#### Brief
Of the entries below, return exactly those lines that fall between the one containing "Liqui Moly MoS2" and the one containing "T-shirt de futebol", the two end lines included.

═══ Material to process ═══

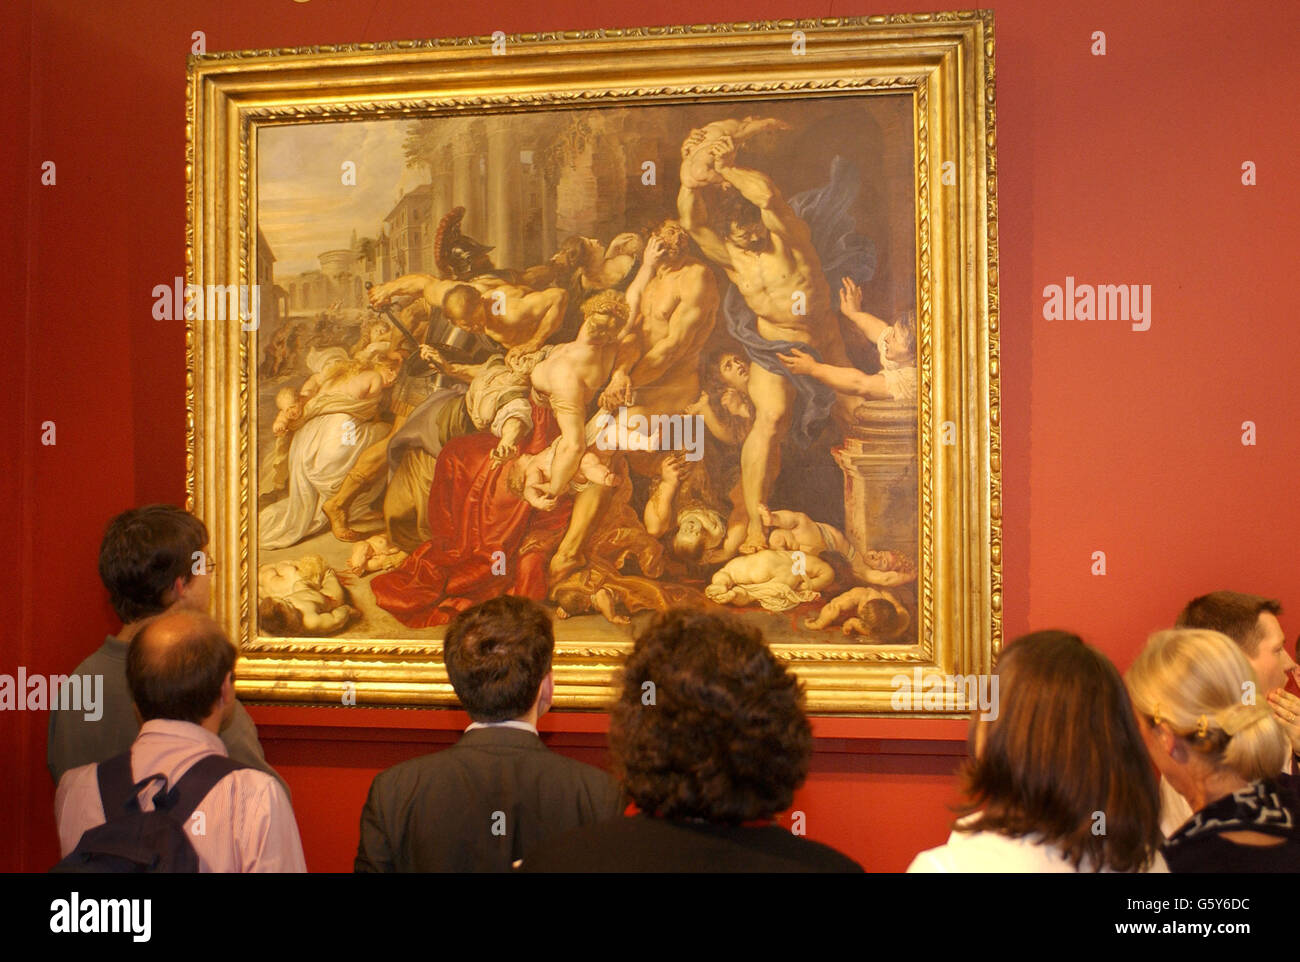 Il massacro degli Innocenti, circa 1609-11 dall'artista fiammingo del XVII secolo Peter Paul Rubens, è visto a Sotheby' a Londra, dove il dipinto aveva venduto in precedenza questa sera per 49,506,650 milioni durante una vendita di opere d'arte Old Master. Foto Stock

═══
═══ Material to process ═══

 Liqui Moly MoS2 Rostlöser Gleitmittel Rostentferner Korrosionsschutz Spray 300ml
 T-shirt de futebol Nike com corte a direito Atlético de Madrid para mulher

═══

#### Answer to this exercise
 Liqui Moly MoS2 Rostlöser Gleitmittel Rostentferner Korrosionsschutz Spray 300ml
 T-shirt de futebol Nike com corte a direito Atlético de Madrid para mulher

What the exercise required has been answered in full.